Two primary sites categorized as "None" -  
 1) Ventricles
 2) Other locations NOS

In [10]:
def group_disease(primay_site):
    if "Posterior Fossa" in primay_site:
        return "infratentorial"
    elif "Optic" in primay_site:
        return "infratentorial"
    elif "Spinal" in primay_site:
        return "infratentorial"
    elif "Tectum" in primay_site:
        return "infratentorial"
    elif "Spine" in primay_site:
        return "infratentorial"
    elif "Frontal Lobe" in primay_site:
        return "supratentorial"
    elif "Parietal Lobe" in primay_site:
        return "supratentorial"
    elif "Occipital Lobe" in primay_site:
        return "supratentorial"
    elif "Temporal Lobe" in primay_site:
        return "supratentorial"
    else:
        return "None"

In [14]:
# Reading the pbta-histologies table and filtering for ependymoma samples 
EP = pbta_histologies[pbta_histologies["integrated_diagnosis"]=="Ependymoma"]

# Filtering inly RNA samples and retrieving only BSID, primarysite, PTID, sampleID and expstrategy columns 
EP_rnaseq_samples = EP[EP["experimental_strategy"] == "RNA-Seq"][["Kids_First_Biospecimen_ID", "primary_site", 
    "Kids_First_Participant_ID", "sample_id", "experimental_strategy"]]

EP_rnaseq_samples.head()

Unnamed: 0,Kids_First_Biospecimen_ID,primary_site,Kids_First_Participant_ID,sample_id,experimental_strategy
27,BS_07ANYSYQ,Frontal Lobe,PT_S4H6KA09,7316-2134,RNA-Seq
33,BS_0BXY0F9N,Cerebellum/Posterior Fossa,PT_164RNWTT,7316-1078,RNA-Seq
56,BS_0QYS36NR,Ventricles,PT_V3Q78E6F,7316-455,RNA-Seq
75,BS_0WQJP6ZG,Frontal Lobe,PT_Y6Y9JJ9P,7316-425,RNA-Seq
80,BS_0XEG6SNV,Parietal Lobe;Ventricles,PT_82A9SDRN,7316-2313,RNA-Seq


In [16]:
# Adding a disease group column to the. above DF based on the group_disease function - 
EP_rnaseq_samples["disease_group"] = [group_disease(primary) for primary in EP_rnaseq_samples["primary_site"]]
EP_rnaseq_samples.head()

Unnamed: 0,Kids_First_Biospecimen_ID,primary_site,Kids_First_Participant_ID,sample_id,experimental_strategy,disease_group
27,BS_07ANYSYQ,Frontal Lobe,PT_S4H6KA09,7316-2134,RNA-Seq,supratentorial
33,BS_0BXY0F9N,Cerebellum/Posterior Fossa,PT_164RNWTT,7316-1078,RNA-Seq,infratentorial
56,BS_0QYS36NR,Ventricles,PT_V3Q78E6F,7316-455,RNA-Seq,
75,BS_0WQJP6ZG,Frontal Lobe,PT_Y6Y9JJ9P,7316-425,RNA-Seq,supratentorial
80,BS_0XEG6SNV,Parietal Lobe;Ventricles,PT_82A9SDRN,7316-2313,RNA-Seq,supratentorial


In [18]:
# List with only RNA sample PTIDs
EP_rnasamplenames_PTIDs = list(EP_rnaseq_samples["Kids_First_Participant_ID"]) 

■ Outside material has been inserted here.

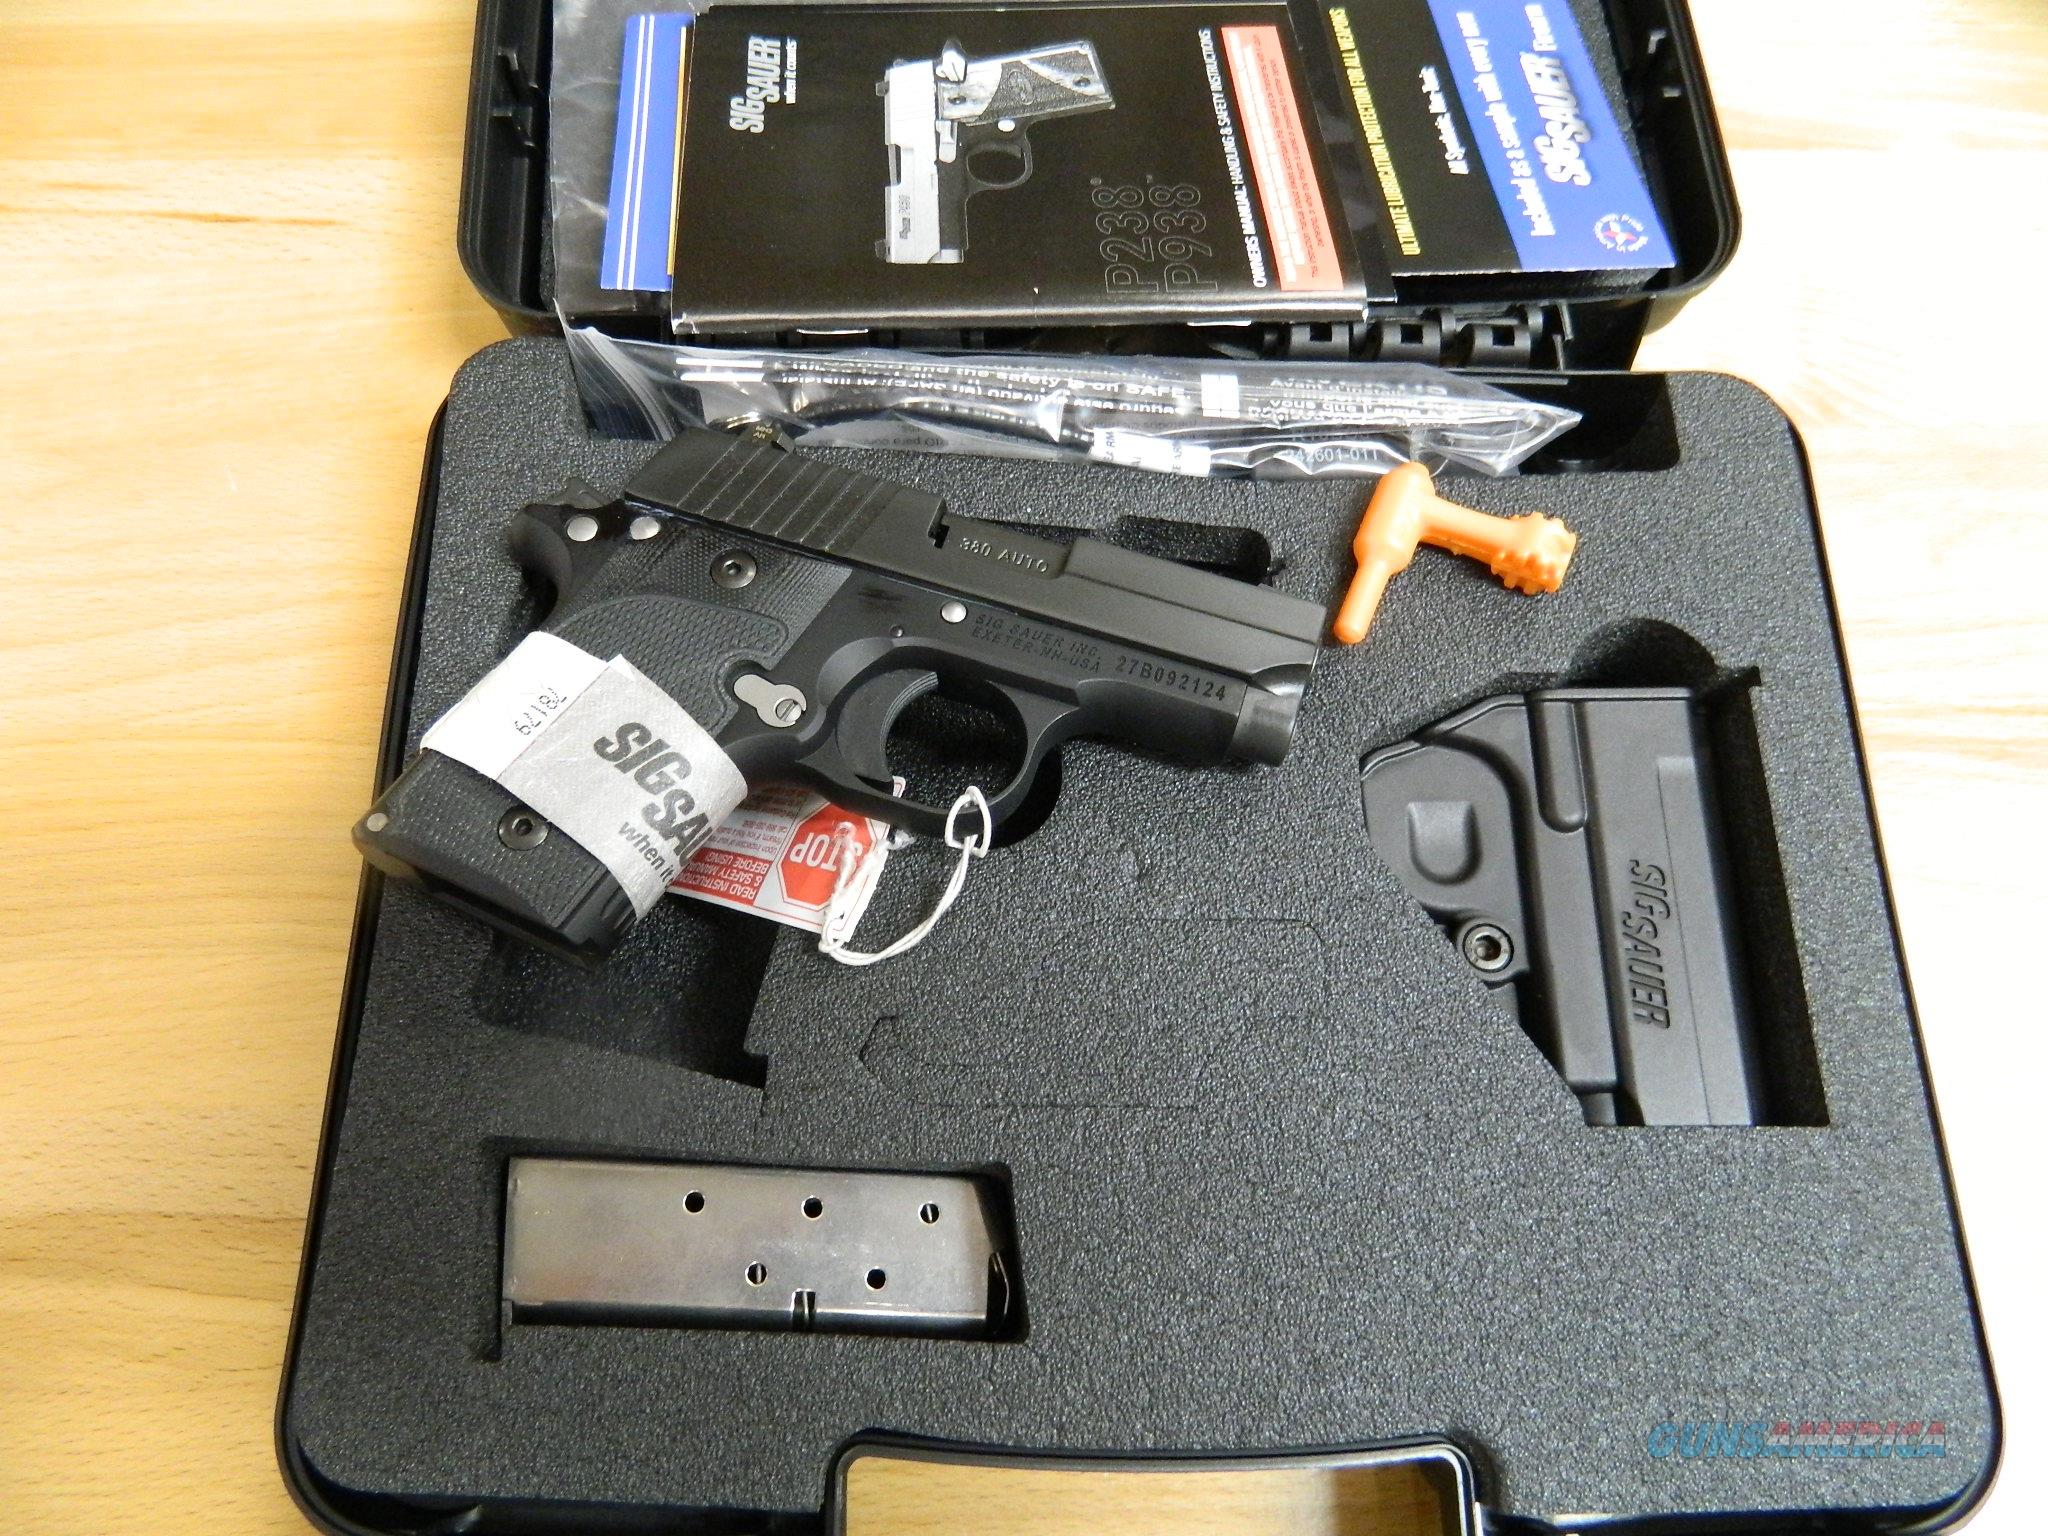 Sig Sauer P238 Nightmare night sights 380ACP NIB  Guns > Pistols > Sig - Sauer/Sigarms Pistols > P238

# Filtering for DNA samples from EP(dataframe from pbta-histologies and only ependymoma samples) 
all_WGS = EP[EP["experimental_strategy"]=="WGS"]
# Only retrieving DNA samples PTID, if it is listed in RNA PTID's (basically filtering for ependymoma DNA samples)
WGSPT = all_WGS[all_WGS["Kids_First_Participant_ID"].isin(EP_rnasamplenames_PTIDs)]
# Create a new DF for DNA samples with BSID, PTID and sample_ID 
WGS_dnaseqsamples = WGSPT[["Kids_First_Biospecimen_ID", "Kids_First_Participant_ID", "sample_id"]]
WGS_dnaseqsamples.head()

Unnamed: 0,Kids_First_Biospecimen_ID,Kids_First_Participant_ID,sample_id
0,BS_007JTNB8,PT_1MW98VR1,7316-2558
5,BS_01DQH017,PT_CYVVA9AB,7316-3299
73,BS_0W8AWY10,PT_06H29FCG,7316-1944
81,BS_0XR7GYAV,PT_XHYBZKCX,7316-2972
114,BS_1AZ8YJSH,PT_R6WWH1QX,7316-423


In [19]:
# Renaming the column name so they don;t conflict in merge step 
EP_rnaseq_samples = EP_rnaseq_samples.rename(columns={"Kids_First_Biospecimen_ID":"Kids_First_Biospecimen_ID_RNA"})
WGS_dnaseqsamples = WGS_dnaseqsamples.rename(columns={"Kids_First_Biospecimen_ID":"Kids_First_Biospecimen_ID_DNA"})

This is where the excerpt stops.